It may not seem too bad to do so on the surface, but singling out that child as adopted can create feelings of being different, of not being enough, of not being part of the family. Adopted children may struggle with these feelings already; labeling them as different makes it worse. The emphasis should be placed on accepting and integrating children into the family by all members.
Parents—adoptive or foster—need to be alert to subtleties within the extended family and educate the family about the messages they send. Most of the time they don’t realize those messages might be divisive or hurtful, but occasionally they do. That’s when it’s time to have a serious talk or avoid that person altogether if they don’t change.

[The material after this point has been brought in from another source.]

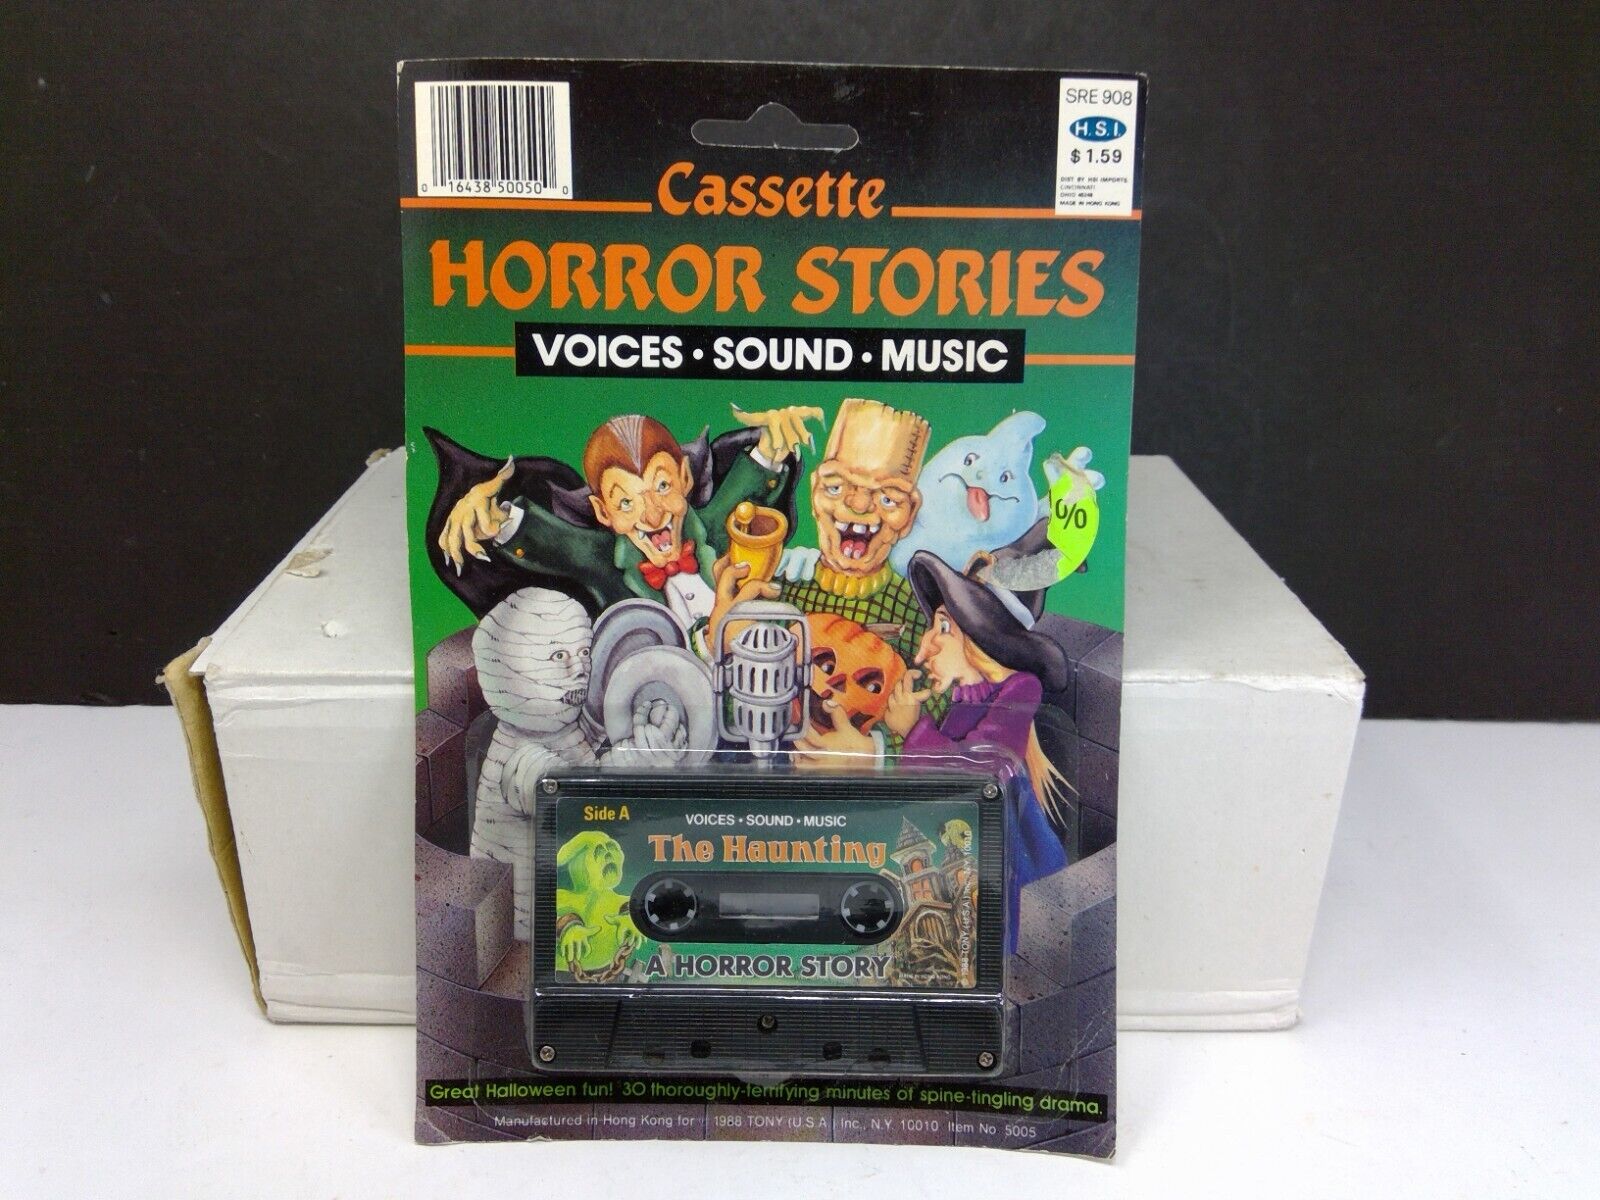 NOS Vintage 1988 Tony Horror Stories Cassette - The Haunting Voices Sounds Music
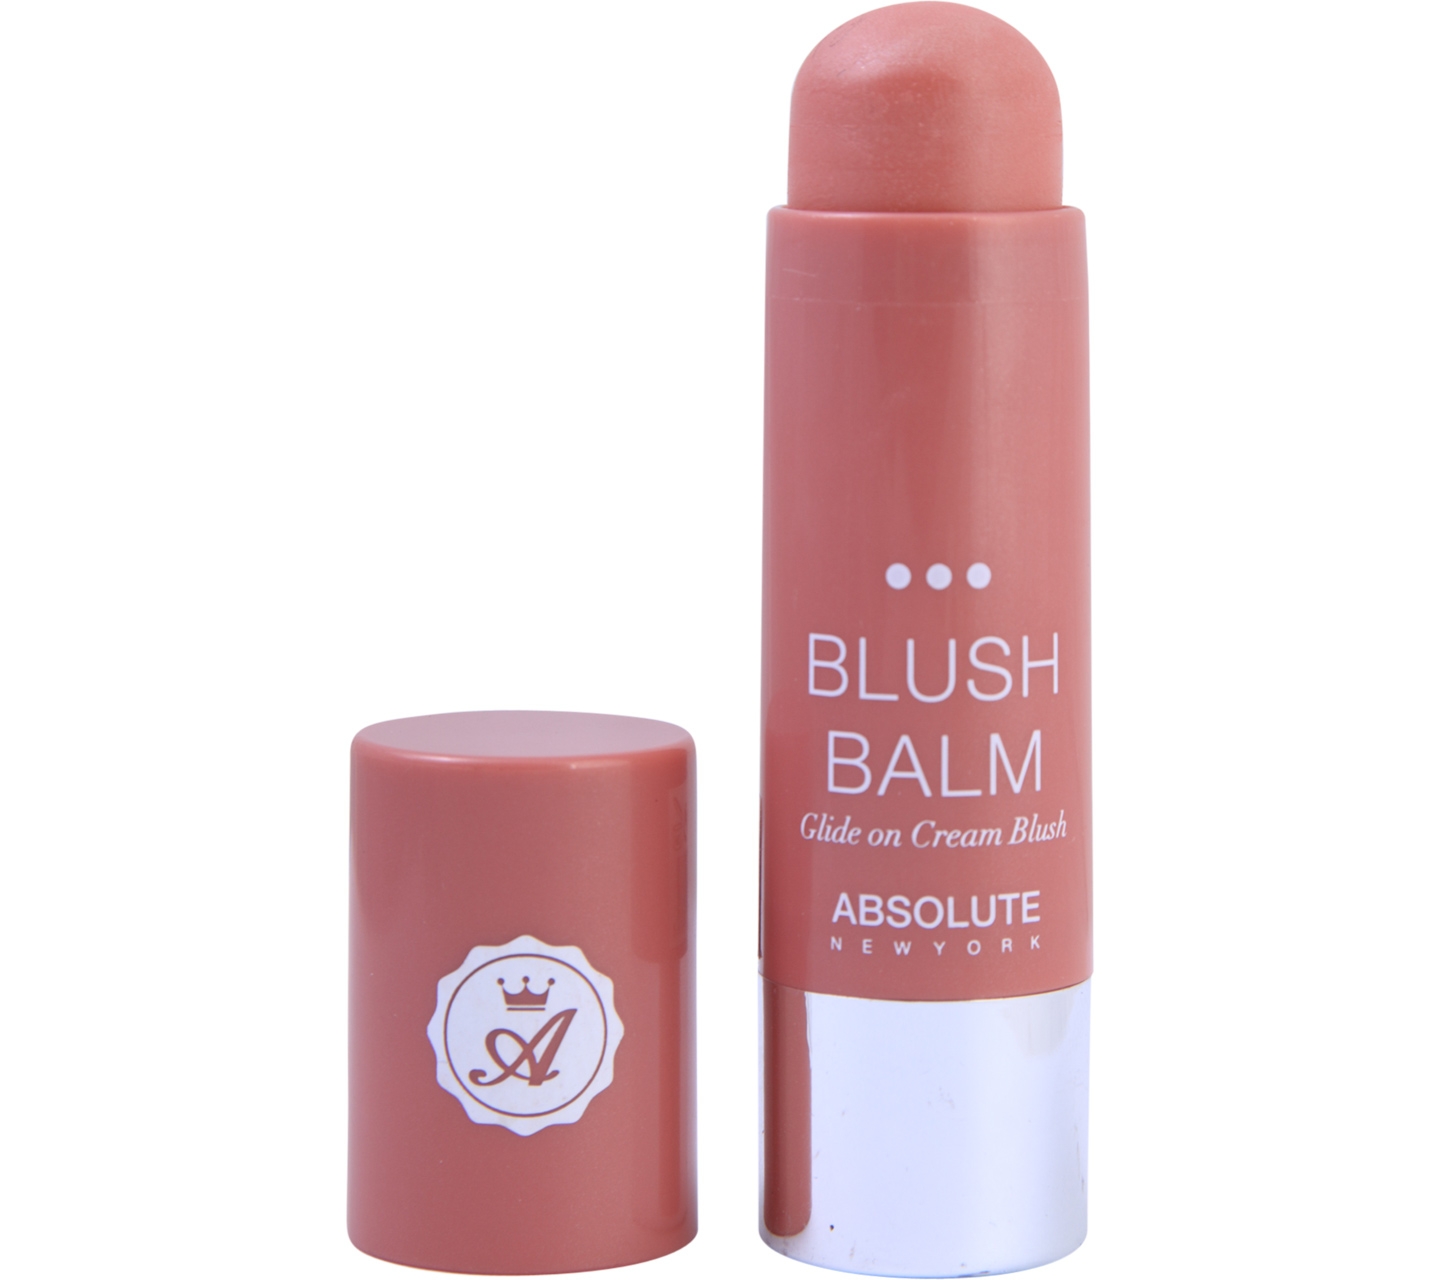 Absolute Blush Blam Glide on Cream Blush Faces

Examples of subtle, perhaps unrealized, behaviors or assumptions abound: a child who was adopted is always last in line for treats; family members assume foster children don’t like school or aren’t capable of good grades; foster children get secondhand clothing while other children get new clothes; foster or adopted children are left out of conversations or ignored; family members make comments about race or ethnicity.
REACTING TO BEHAVIOR
Some family or friends may want to make challenging behavior in children be about their adoption or that they are in foster care. But not all behaviors are because of adoption or foster care. It’s not family members’ jobs to pass judgment on or attempt to determine the reasons for the behavior. They need to love the child and let the parents seek help to figure out behavior if they need to.
Family should be the safest place for vulnerable children who have experienced physical and emotional trauma over which they have no control, and who may act out the traumas to which they have been exposed. As with most of us, behavior can be their clearest voice.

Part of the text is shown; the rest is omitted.